(Supplied information)

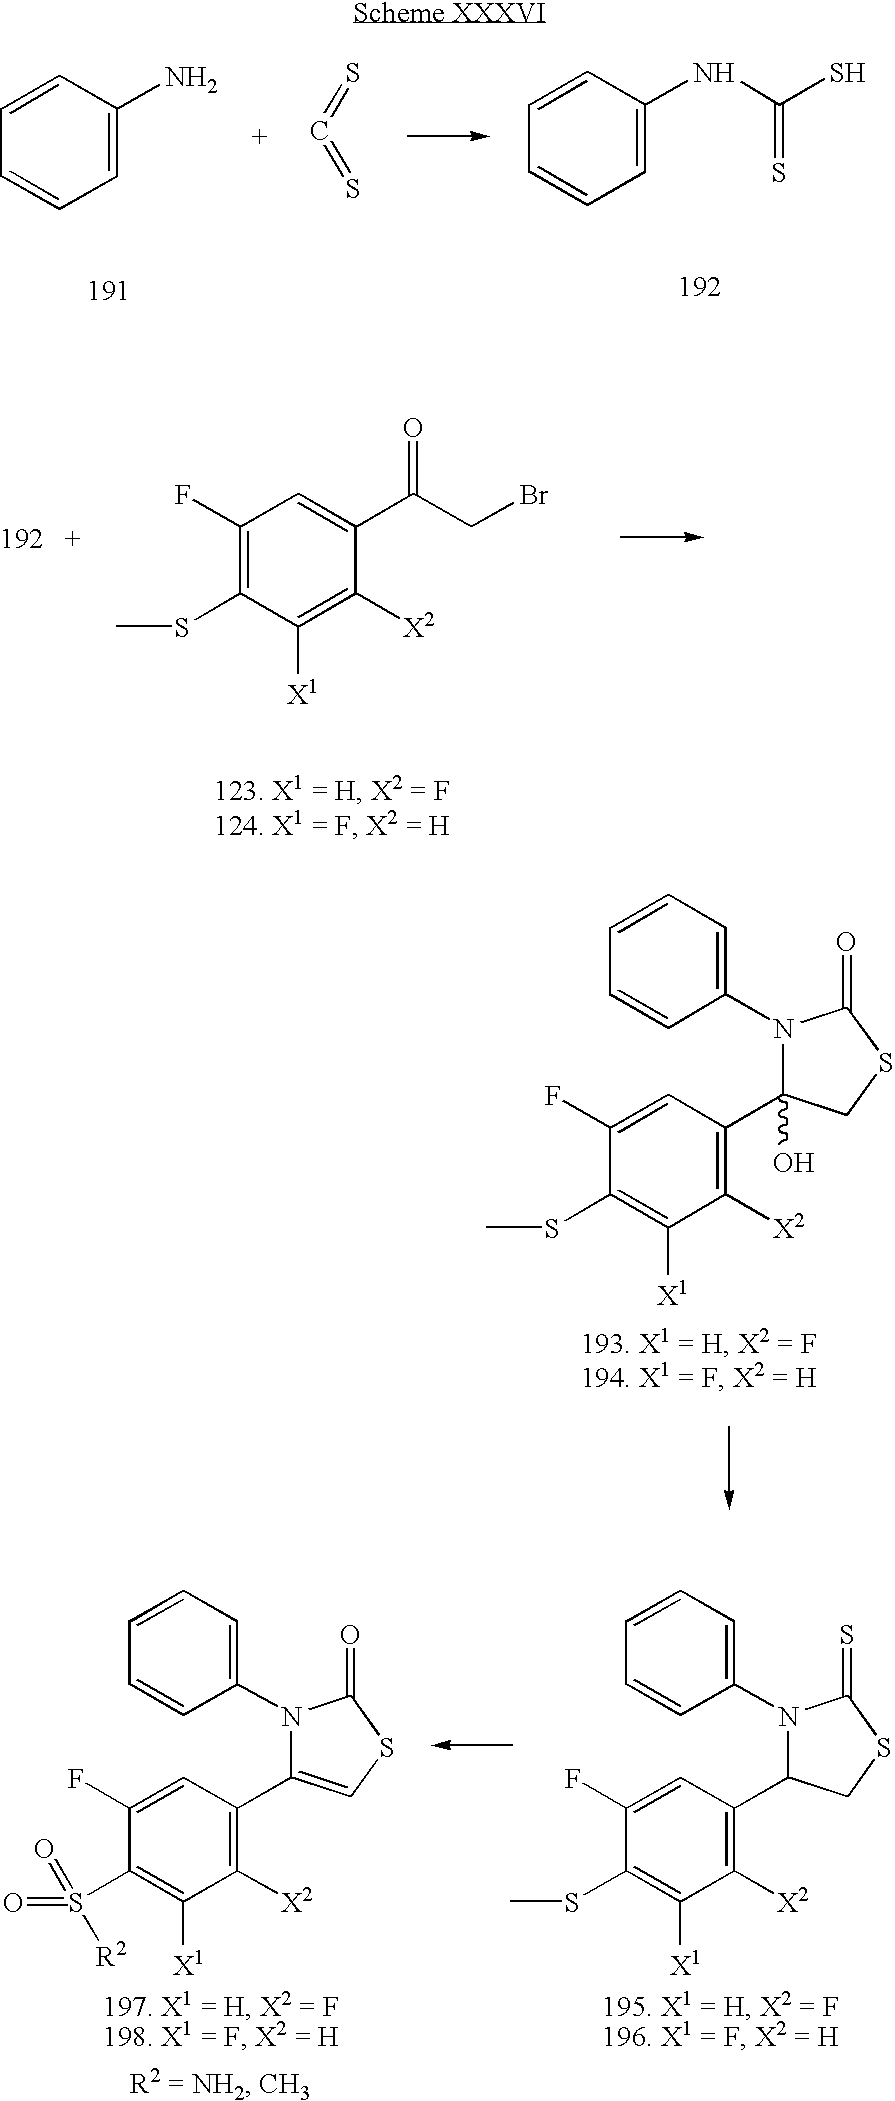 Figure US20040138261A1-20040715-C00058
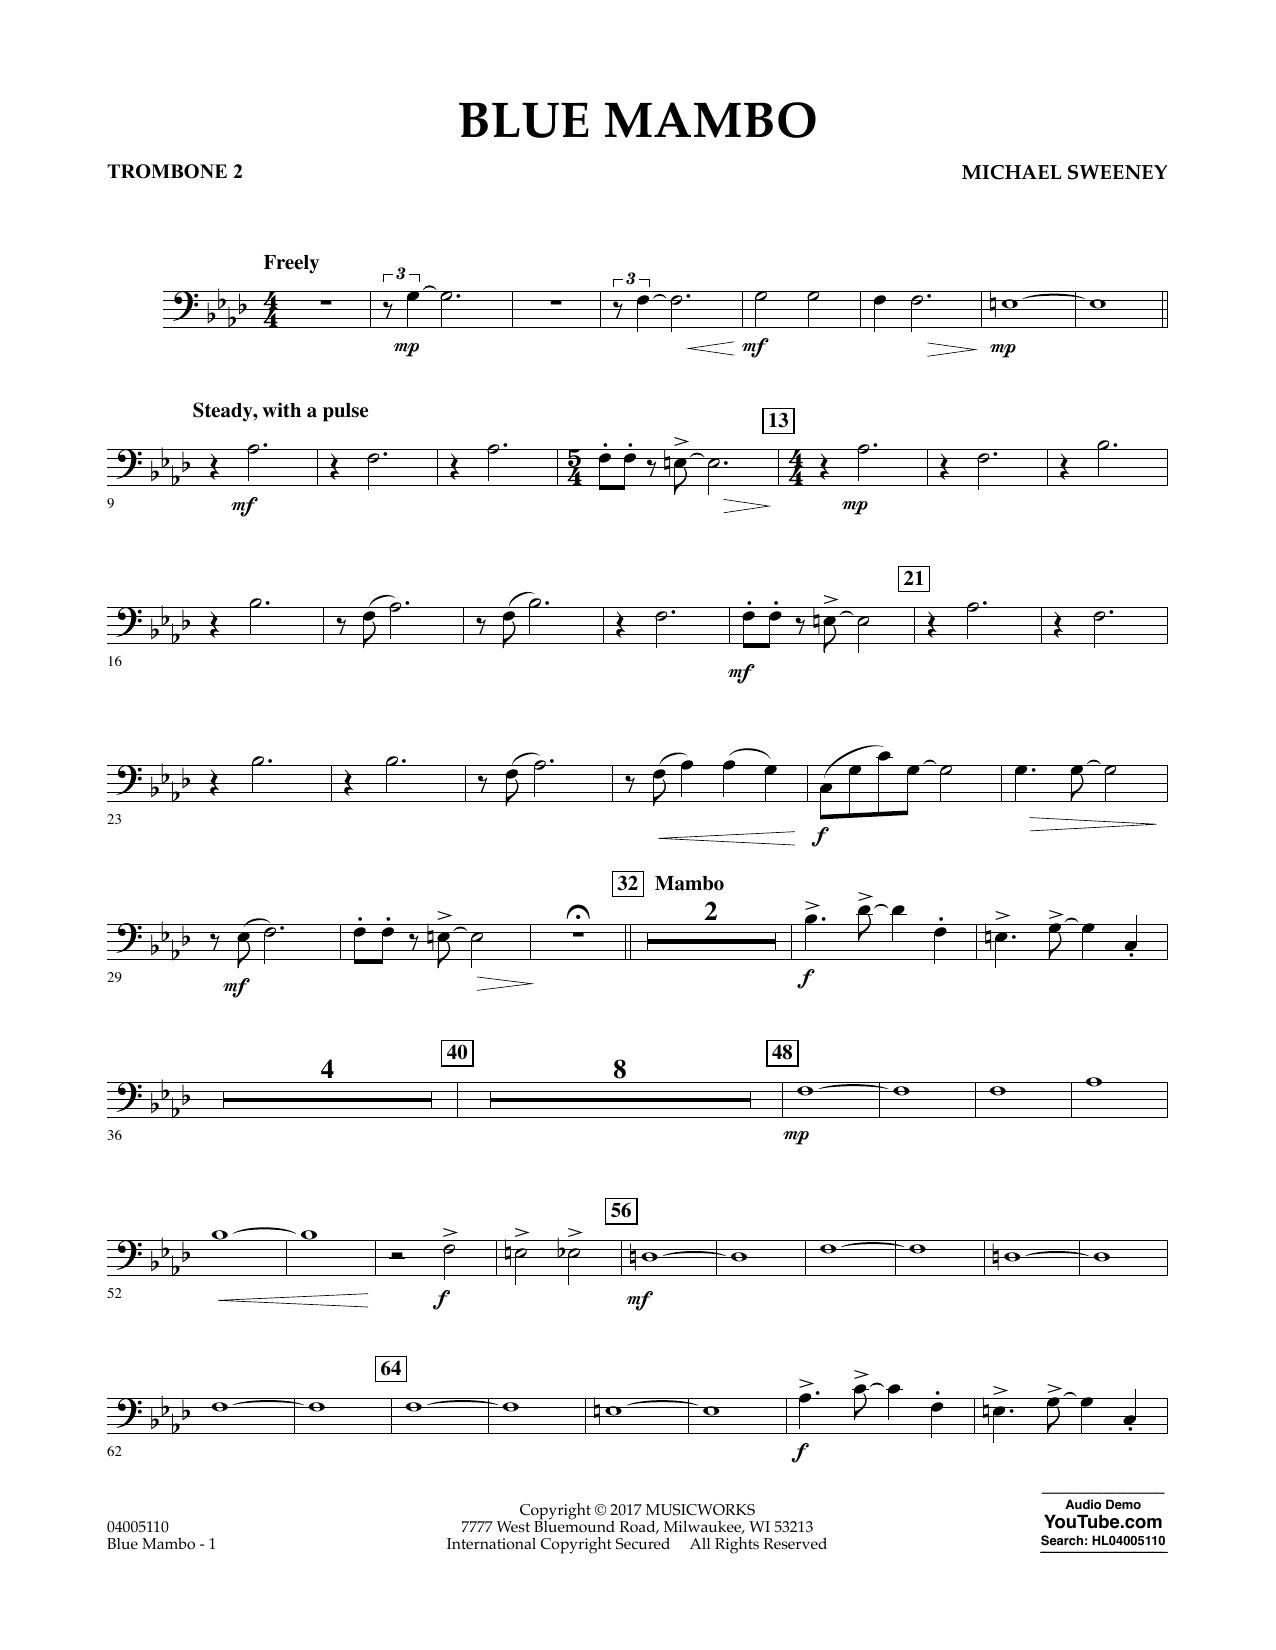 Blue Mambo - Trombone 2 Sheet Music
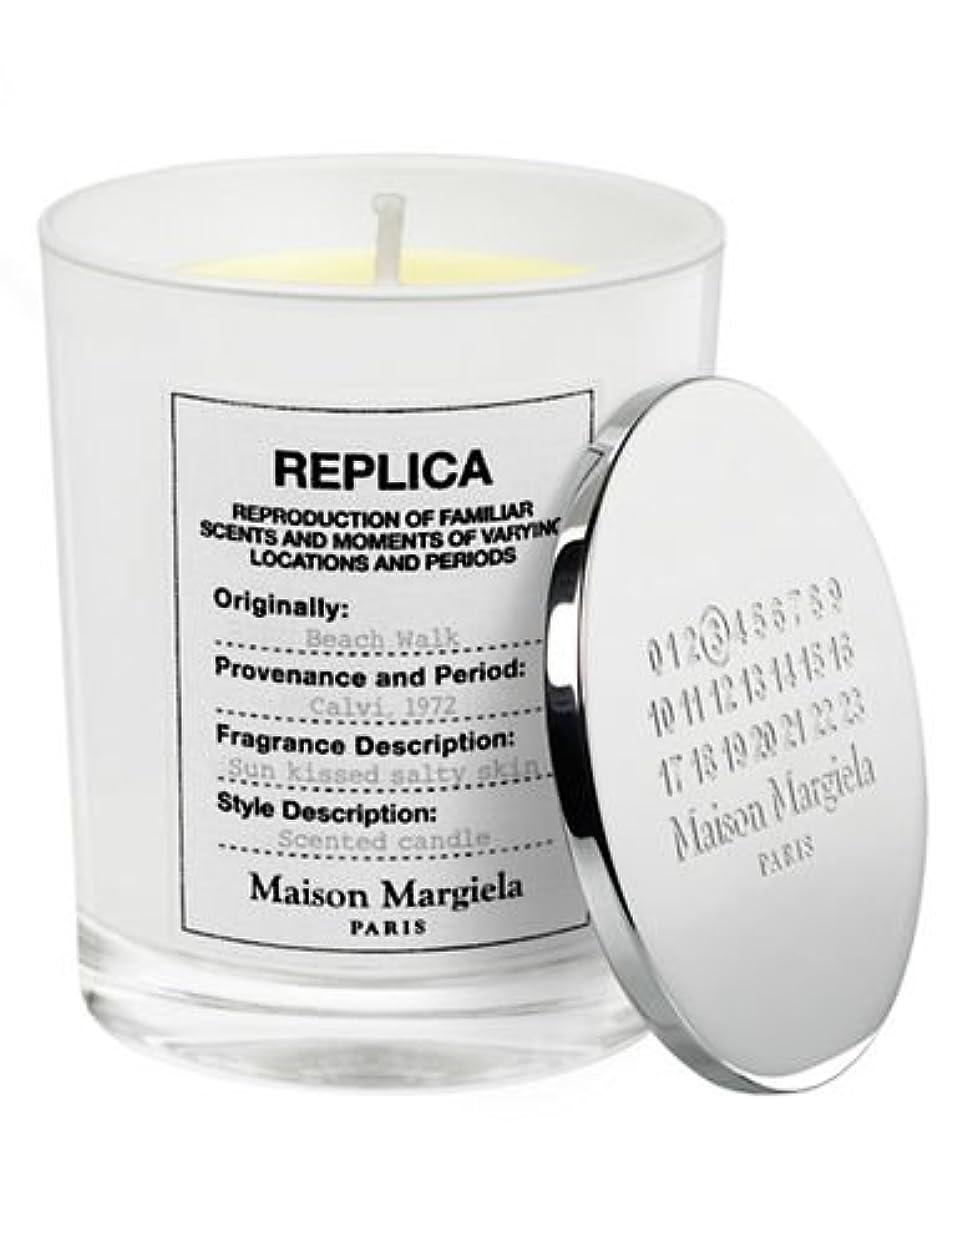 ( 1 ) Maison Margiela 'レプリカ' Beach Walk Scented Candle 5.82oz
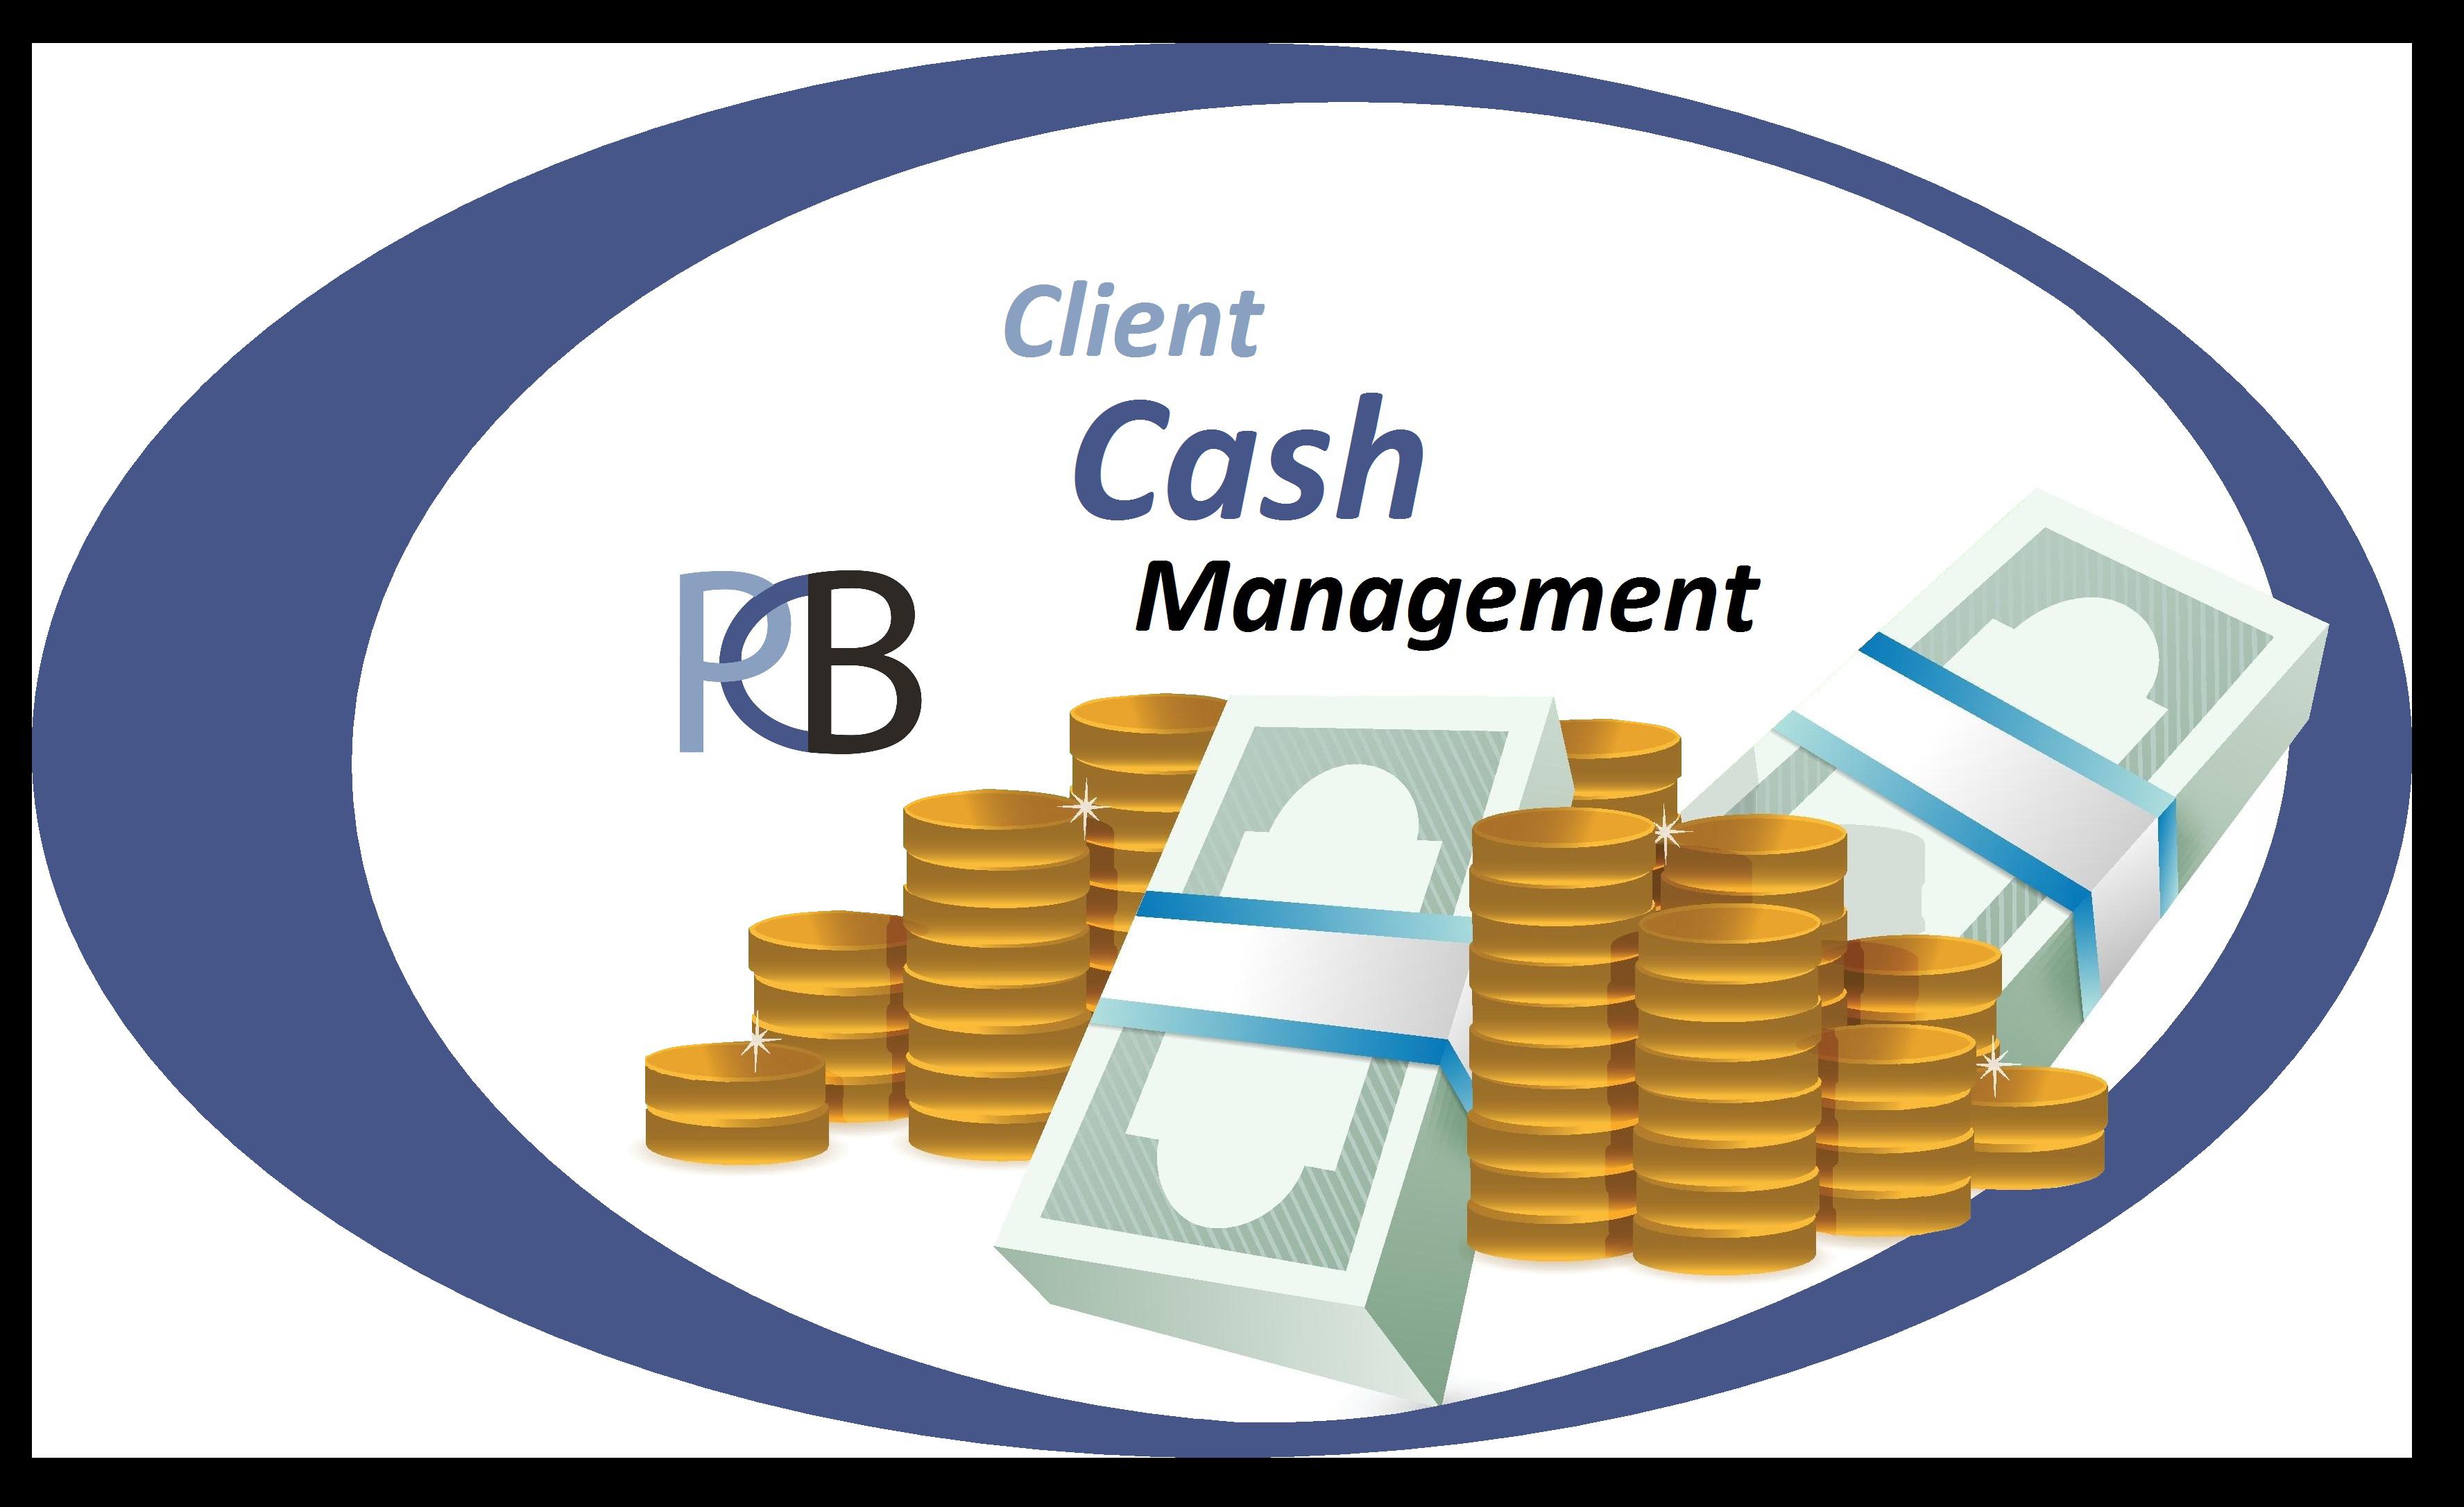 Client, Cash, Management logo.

(End Supplied information)

* _What needs to be done_
Give the listing again word for word, without its images.

* _Exercise solution_
 Figure US20040138261A1-20040715-C00058
 Blue Mambo - Trombone 2 Sheet Music
 ( 1 ) Maison Margiela 'レプリカ' Beach Walk Scented Candle 5.82oz
 Client, Cash, Management logo.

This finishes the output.